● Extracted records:
+++++
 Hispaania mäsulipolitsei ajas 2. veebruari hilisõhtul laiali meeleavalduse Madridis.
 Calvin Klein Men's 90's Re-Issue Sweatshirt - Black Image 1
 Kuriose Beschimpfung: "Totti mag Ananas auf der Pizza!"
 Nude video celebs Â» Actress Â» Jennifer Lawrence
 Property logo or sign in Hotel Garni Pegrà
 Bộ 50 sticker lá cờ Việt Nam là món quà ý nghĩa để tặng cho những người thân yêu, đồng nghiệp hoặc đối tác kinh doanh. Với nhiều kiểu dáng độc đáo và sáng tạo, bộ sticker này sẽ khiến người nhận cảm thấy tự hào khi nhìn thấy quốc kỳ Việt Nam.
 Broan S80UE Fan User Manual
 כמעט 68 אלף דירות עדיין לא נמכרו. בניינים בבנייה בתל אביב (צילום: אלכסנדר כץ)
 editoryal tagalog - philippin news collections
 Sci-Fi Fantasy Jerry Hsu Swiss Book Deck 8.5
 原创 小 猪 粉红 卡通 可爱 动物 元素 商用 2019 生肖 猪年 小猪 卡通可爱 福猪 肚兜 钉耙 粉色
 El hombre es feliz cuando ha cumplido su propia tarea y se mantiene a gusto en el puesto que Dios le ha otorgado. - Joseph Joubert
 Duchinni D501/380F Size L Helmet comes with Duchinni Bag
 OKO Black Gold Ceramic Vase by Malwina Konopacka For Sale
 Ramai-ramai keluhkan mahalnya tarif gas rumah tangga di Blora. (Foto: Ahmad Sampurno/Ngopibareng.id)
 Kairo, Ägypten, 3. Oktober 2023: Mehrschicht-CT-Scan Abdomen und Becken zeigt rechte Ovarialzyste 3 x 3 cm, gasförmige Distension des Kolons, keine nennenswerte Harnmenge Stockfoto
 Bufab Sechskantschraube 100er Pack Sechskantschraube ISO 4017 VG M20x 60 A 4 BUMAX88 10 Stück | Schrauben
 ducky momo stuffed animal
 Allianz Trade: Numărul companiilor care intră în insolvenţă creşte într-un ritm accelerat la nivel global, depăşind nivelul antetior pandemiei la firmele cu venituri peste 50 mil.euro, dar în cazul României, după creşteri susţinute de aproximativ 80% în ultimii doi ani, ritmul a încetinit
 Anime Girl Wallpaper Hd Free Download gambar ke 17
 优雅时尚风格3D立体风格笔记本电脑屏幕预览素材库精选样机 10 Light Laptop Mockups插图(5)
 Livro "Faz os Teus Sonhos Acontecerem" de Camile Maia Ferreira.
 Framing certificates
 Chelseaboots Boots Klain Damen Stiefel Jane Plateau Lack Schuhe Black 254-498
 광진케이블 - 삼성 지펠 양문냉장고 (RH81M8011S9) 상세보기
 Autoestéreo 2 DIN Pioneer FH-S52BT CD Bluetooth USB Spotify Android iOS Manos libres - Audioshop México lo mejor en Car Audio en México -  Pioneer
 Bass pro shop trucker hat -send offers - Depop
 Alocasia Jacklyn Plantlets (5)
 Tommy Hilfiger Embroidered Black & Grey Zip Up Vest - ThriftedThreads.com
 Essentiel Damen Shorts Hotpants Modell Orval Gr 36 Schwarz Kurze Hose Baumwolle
+++++
Extract each line holding the word "Damen" from the records.

● Solved problem:
 Chelseaboots Boots Klain Damen Stiefel Jane Plateau Lack Schuhe Black 254-498
 Essentiel Damen Shorts Hotpants Modell Orval Gr 36 Schwarz Kurze Hose Baumwolle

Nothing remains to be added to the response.